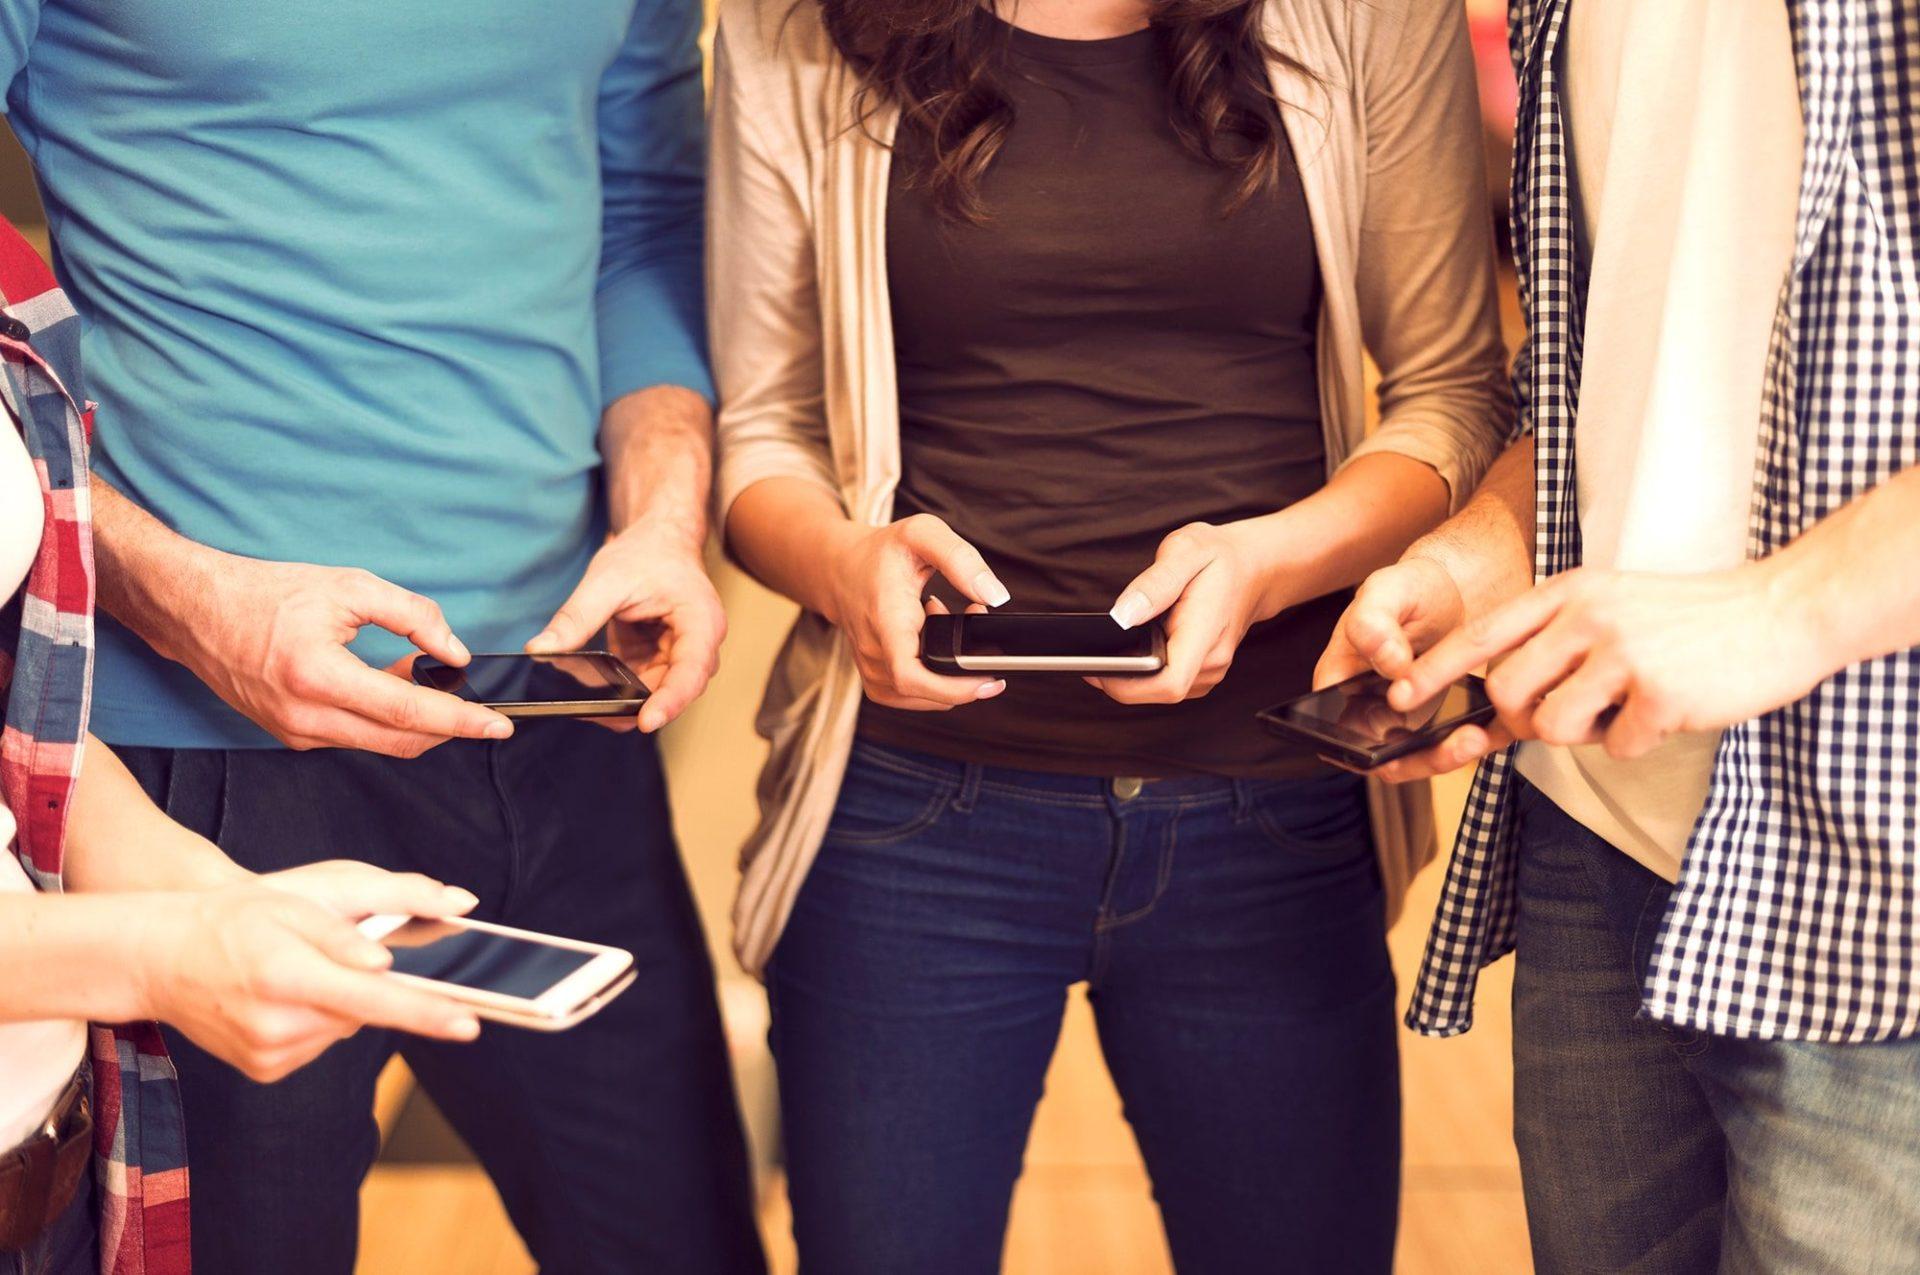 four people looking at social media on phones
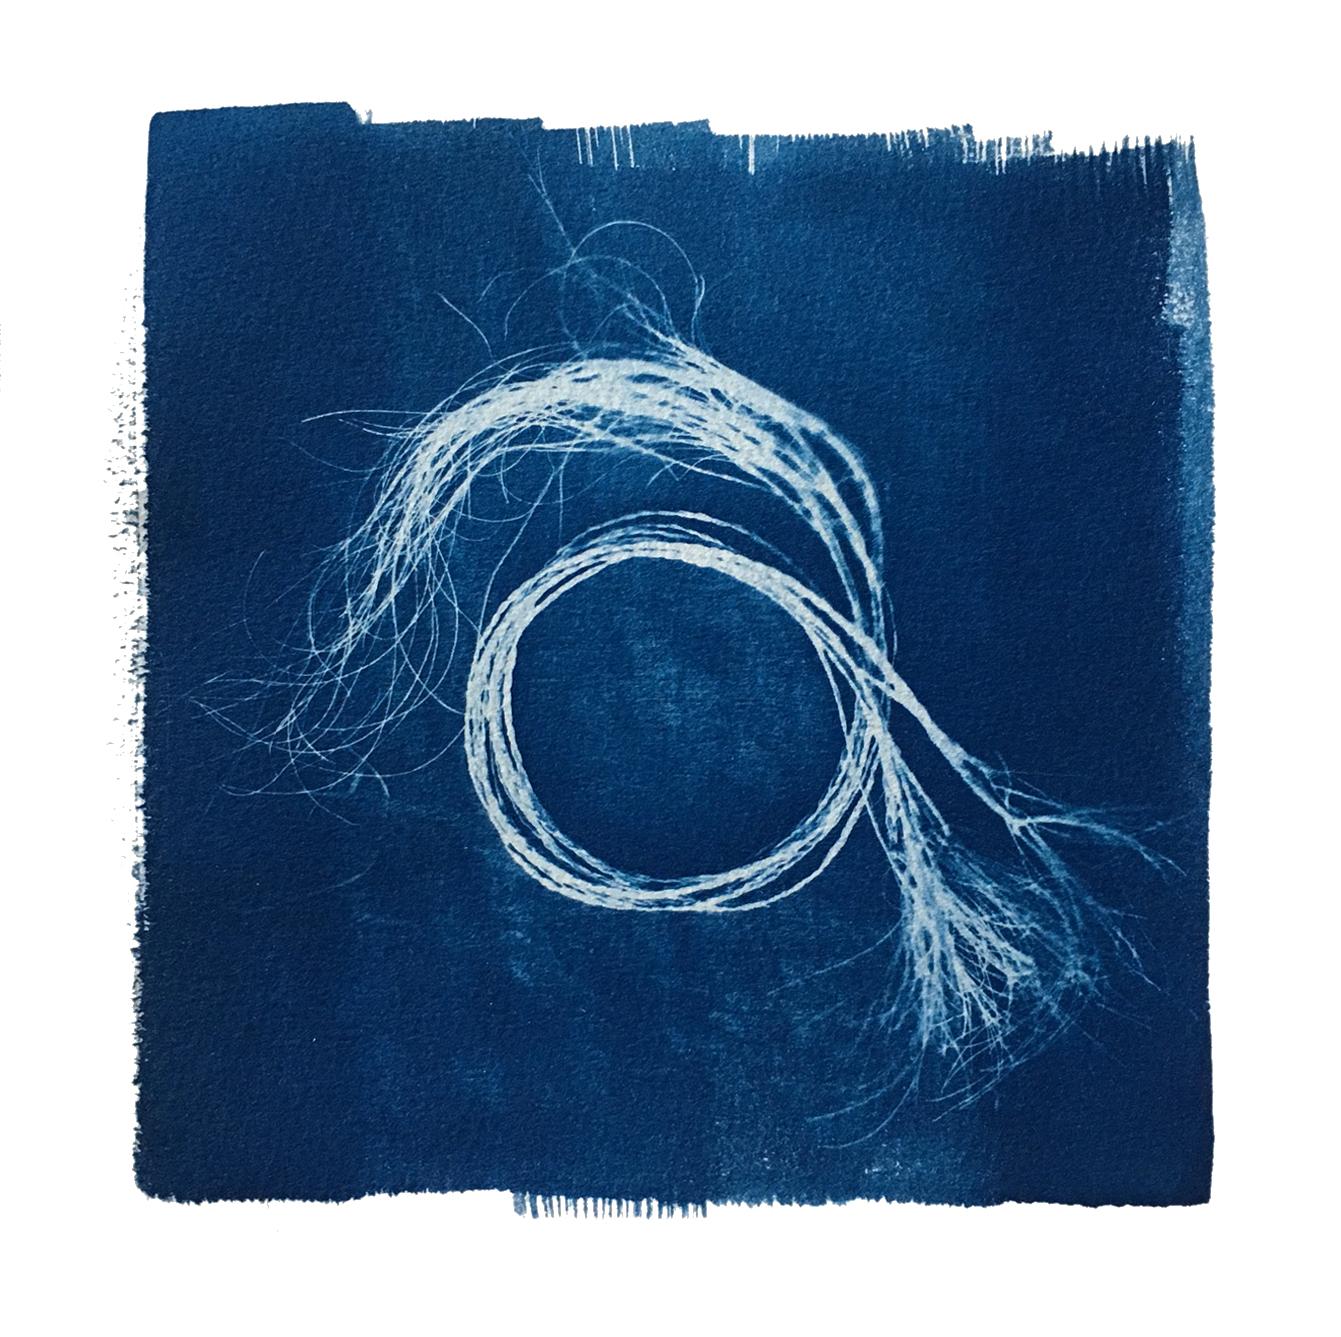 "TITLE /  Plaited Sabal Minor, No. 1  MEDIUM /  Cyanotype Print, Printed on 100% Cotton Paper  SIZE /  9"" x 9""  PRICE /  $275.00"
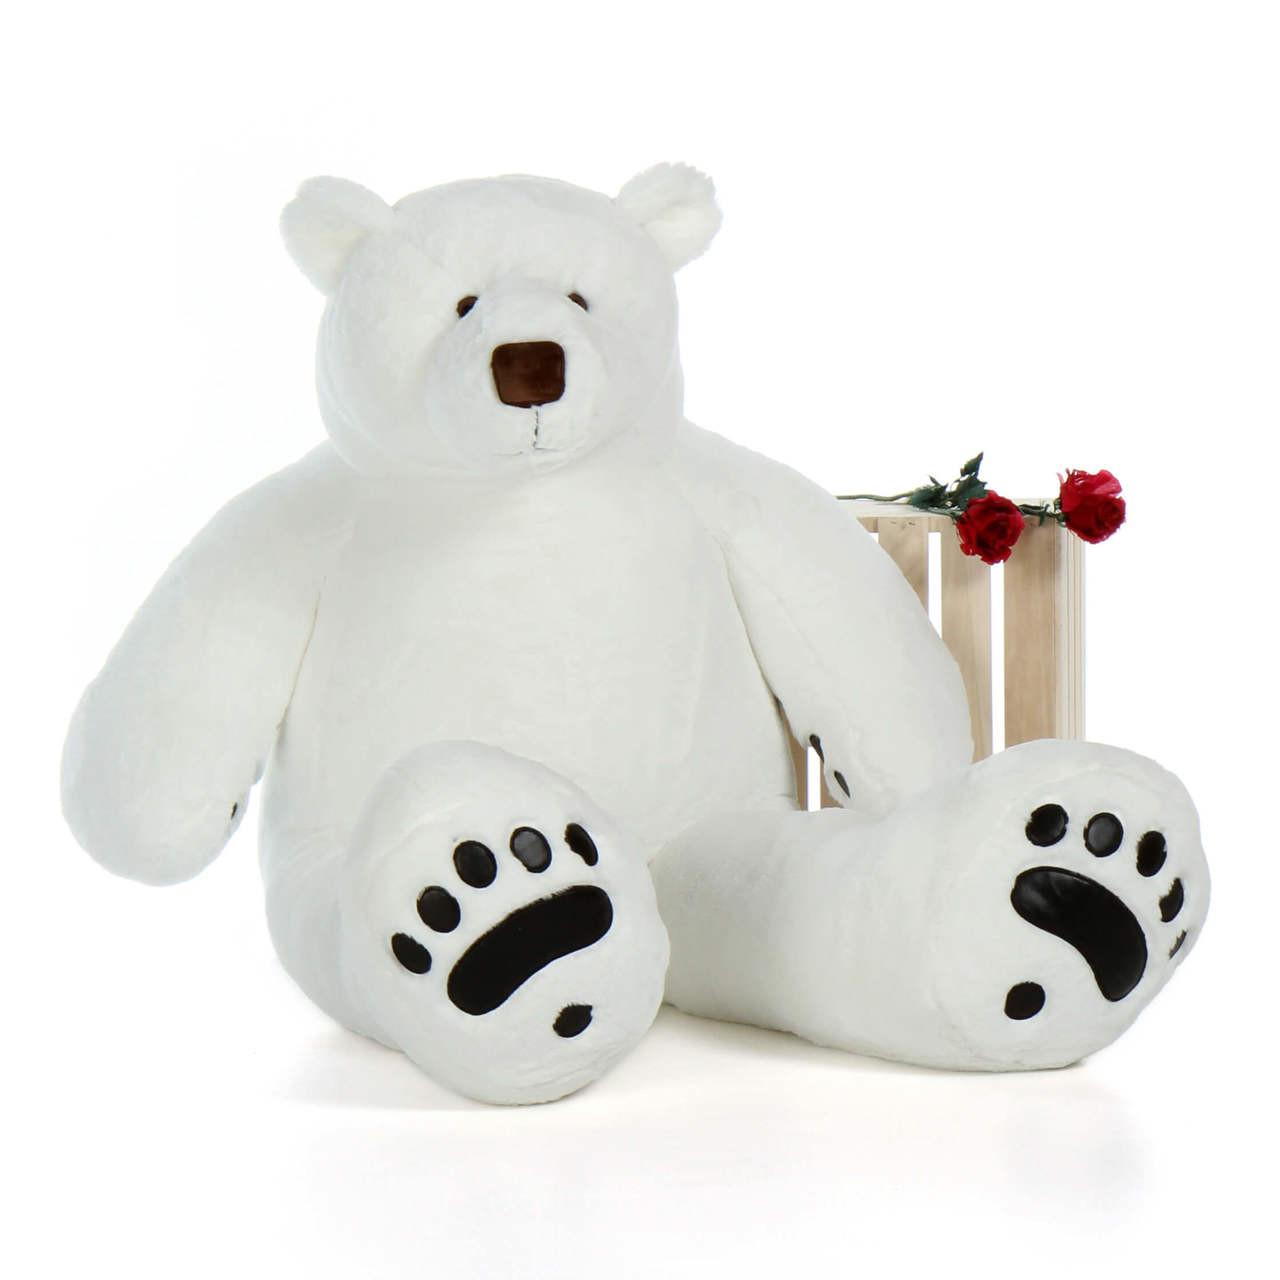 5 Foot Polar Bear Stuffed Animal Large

------------

• [What to work on] Down to the last line, reproduce the material above exactly; skip its images.

• [Answer space]
 four people looking at social media on phones
 "TITLE /  Plaited Sabal Minor, No. 1  MEDIUM /  Cyanotype Print, Printed on 100% Cotton Paper  SIZE /  9"" x 9""  PRICE /  $275.00"
 5 Foot Polar Bear Stuffed Animal Large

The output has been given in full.